Residents of a tiny village in southern India had offered a potent celebratory mix of prayers and firecrackers.
Harris’s maternal grandfather was born in the village of Thulasendrapuram, about 215 miles from Chennai in the southern Indian state of Tamil Nadu more than 100 years ago.
Meanwhile, in Jamaica, tears rolled down the face of Norma Walters as she watched her former schoolmate’s daughter being inaugurated on Wednesday, the Kingston paper the Gleaner reported.
Walters, who attended school alongside Donald Harris, the vice-president’s father, decades ago in the northern Jamaica community of Brown’s Town, St Ann, was emotional even though she has never met the vice-president, according to the daily paper.

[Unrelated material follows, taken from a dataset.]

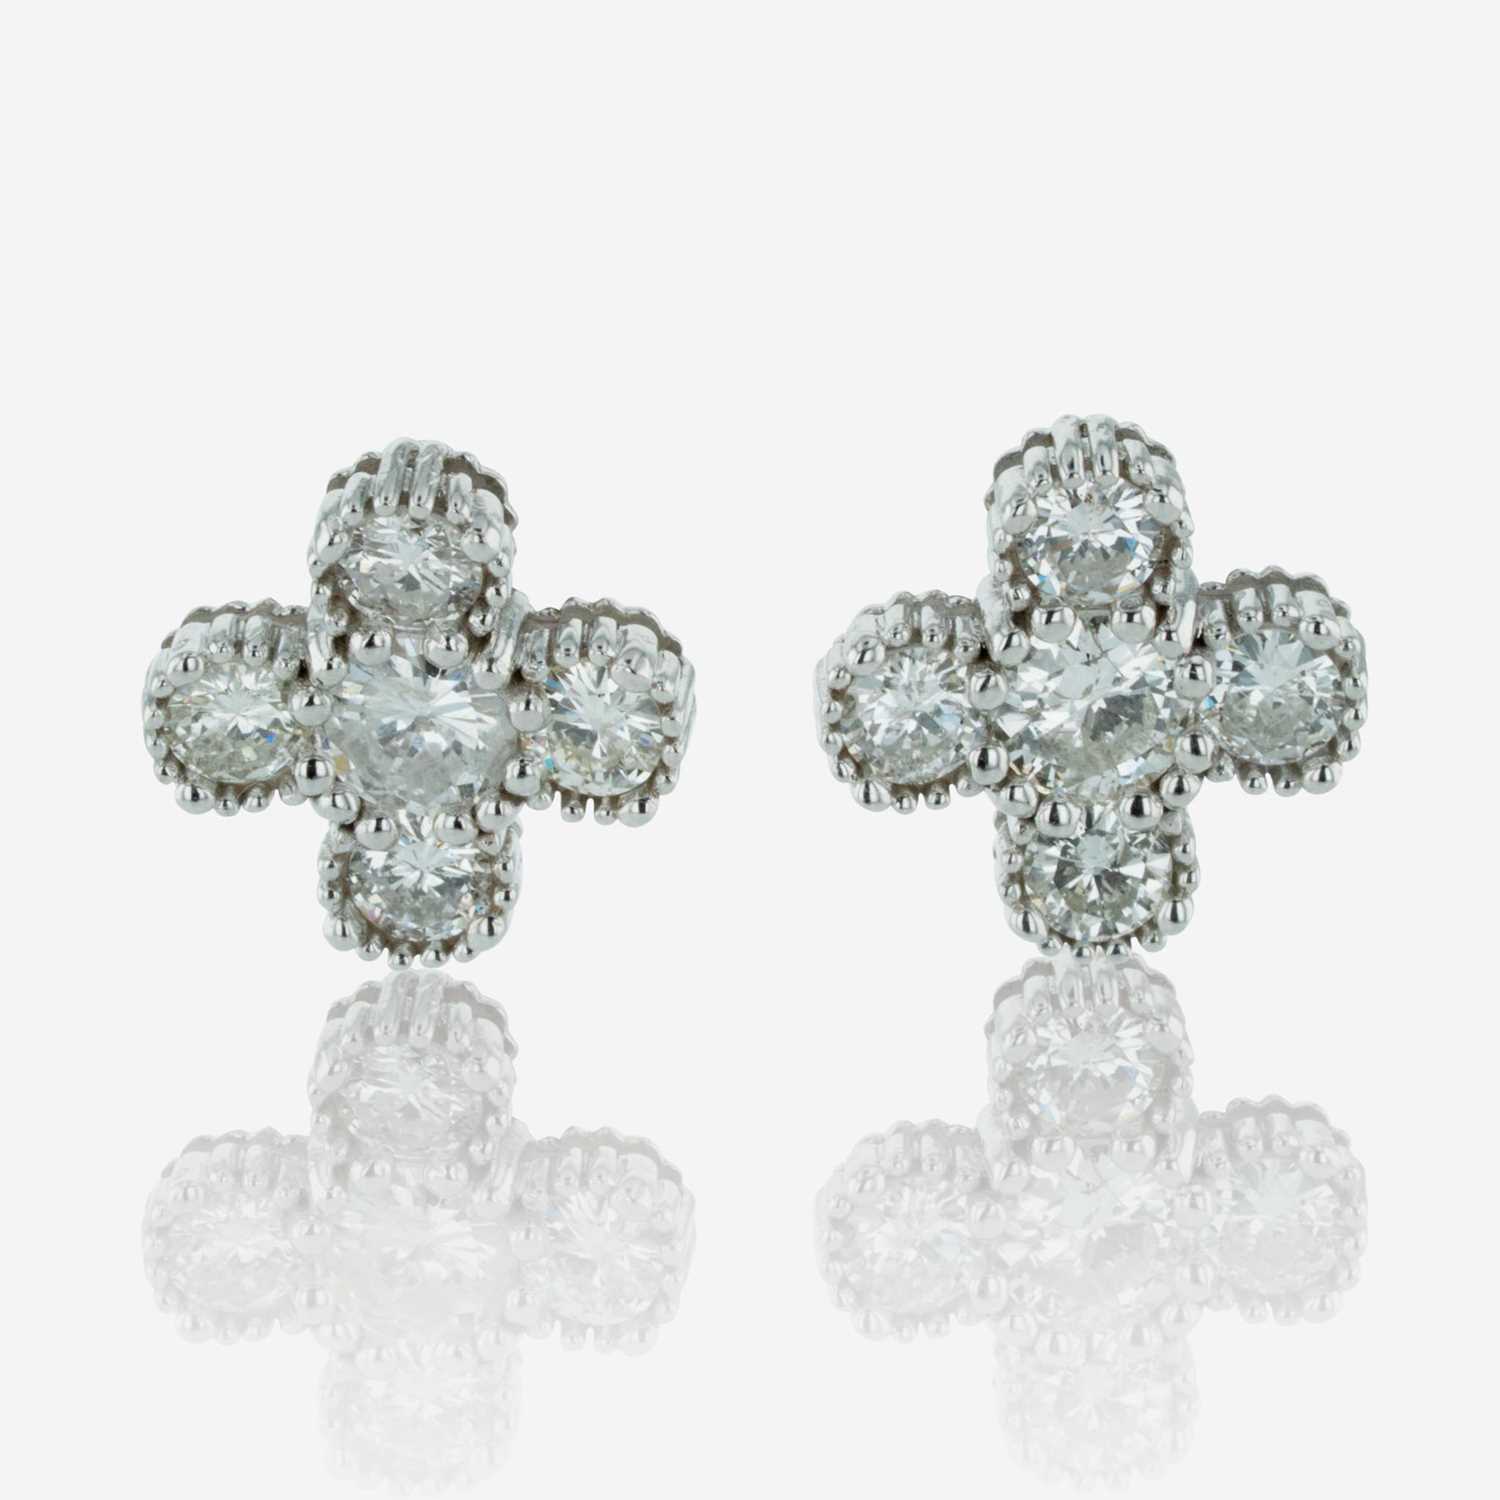 Lot 219 - A Pair of Diamond and 14K White Gold Earrings

She cried when Harris and Joe Biden spoke on Tuesday evening at the first national event held to commemorate now more than 400,000 Americans who have died from the coronavirus.
On Wednesday morning at the US Capitol, “when I saw them [Biden and Harris] coming in, the same thing happened, full of emotion”, Walters, an educator, said.
Although Harris is largely estranged from her father and noticeably did not mention him in her victory speech last November, Walters said the former US senator “belongs to us”.
“The name Harris is a very popular name around here, and I am so proud to know that somebody who had Jamaican roots, however tentative, has reached that particular position,” Walters said.